Task objective:
Nothing is needed except the lines below that run from the one with "Island State Police" through the one with "E-commerce hand cursor", repeated exactly.

Raw data:
== == ==

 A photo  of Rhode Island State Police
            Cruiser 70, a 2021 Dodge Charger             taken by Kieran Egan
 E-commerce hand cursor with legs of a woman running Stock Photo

== == ==

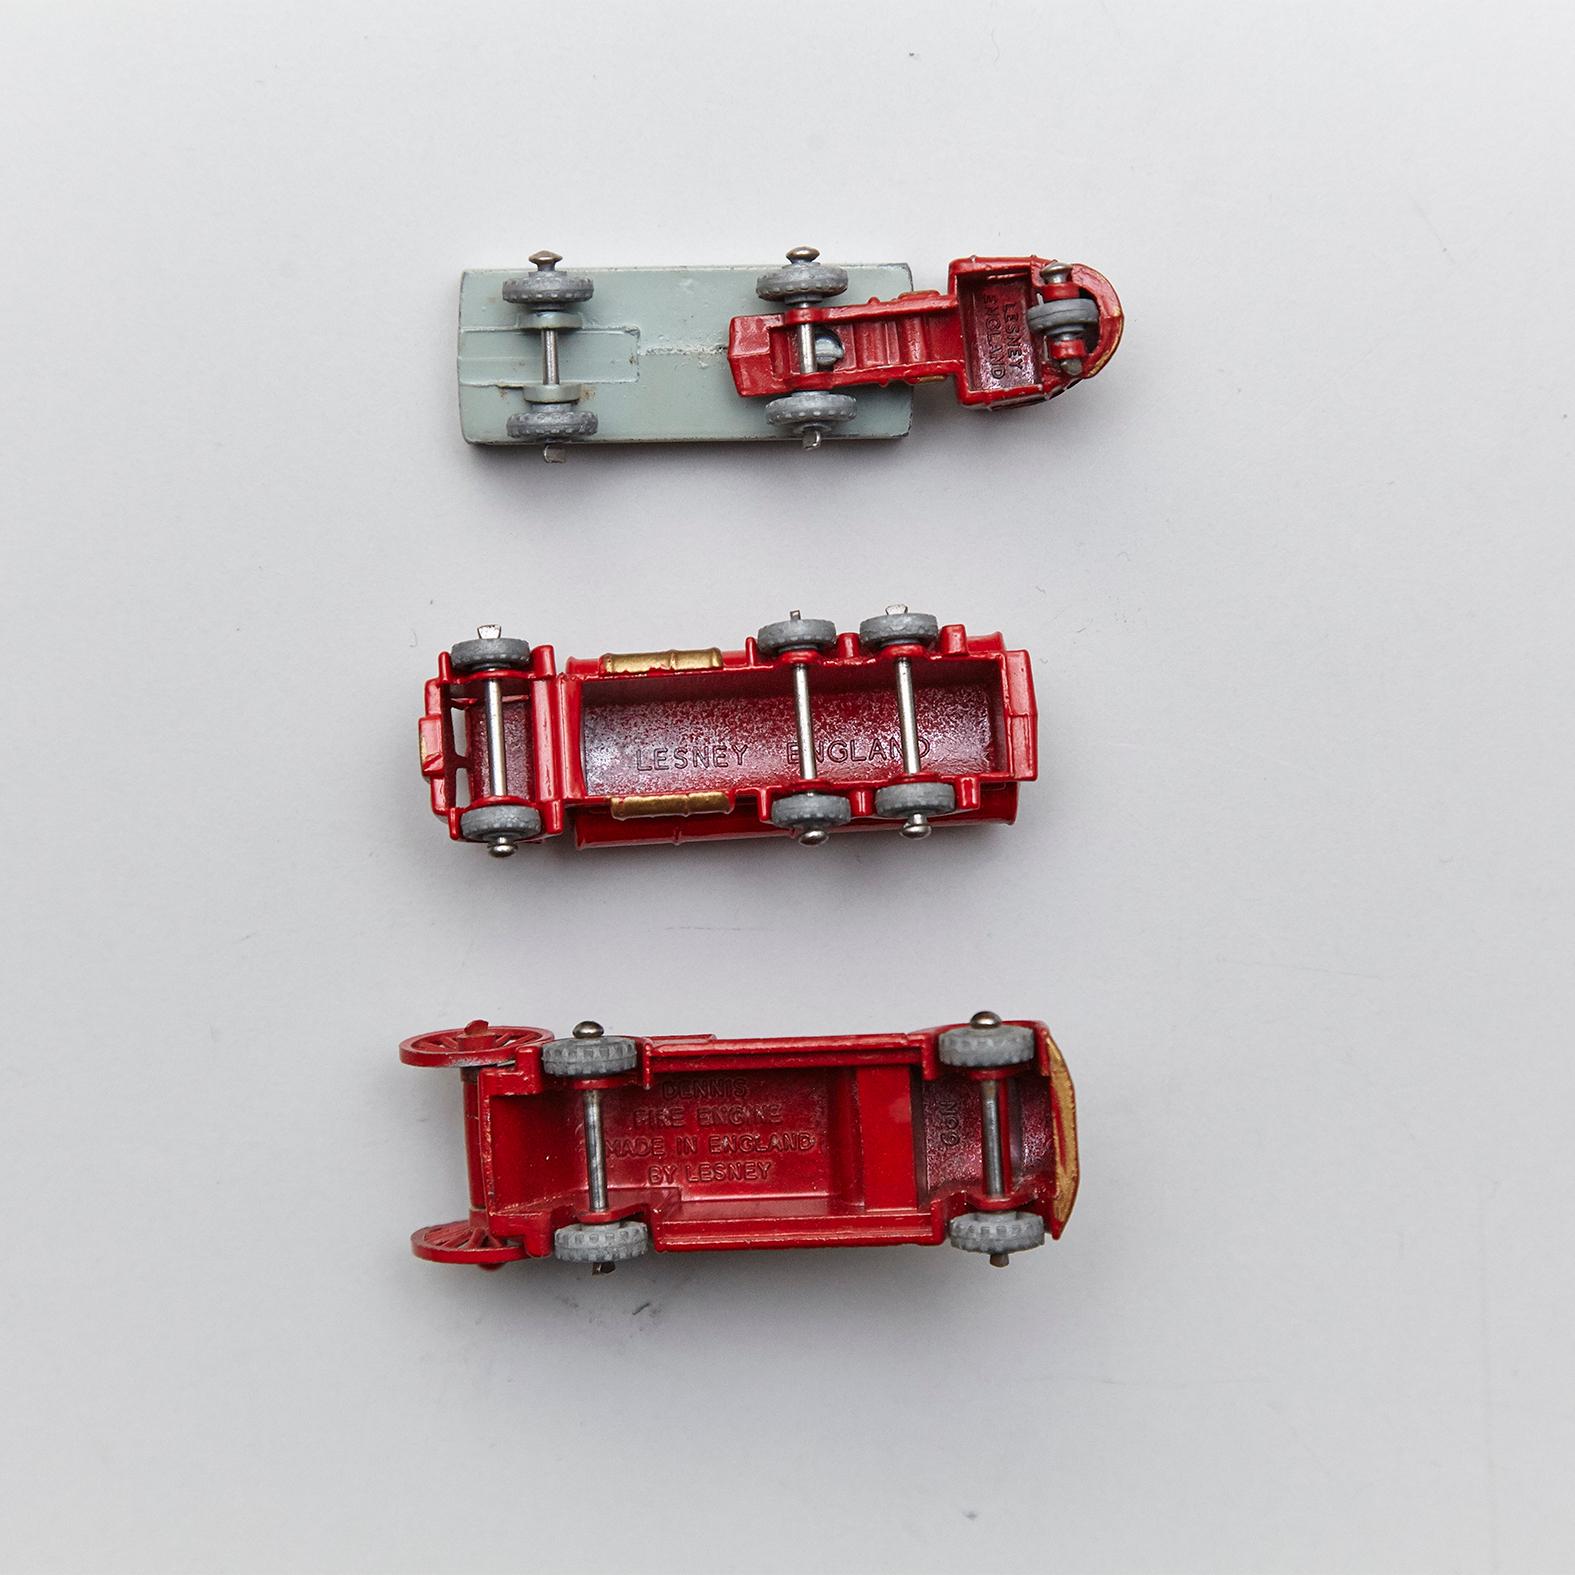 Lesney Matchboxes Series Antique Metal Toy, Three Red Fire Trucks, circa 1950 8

== == ==

Result of this task:
 A photo  of Rhode Island State Police
            Cruiser 70, a 2021 Dodge Charger             taken by Kieran Egan
 E-commerce hand cursor with legs of a woman running Stock Photo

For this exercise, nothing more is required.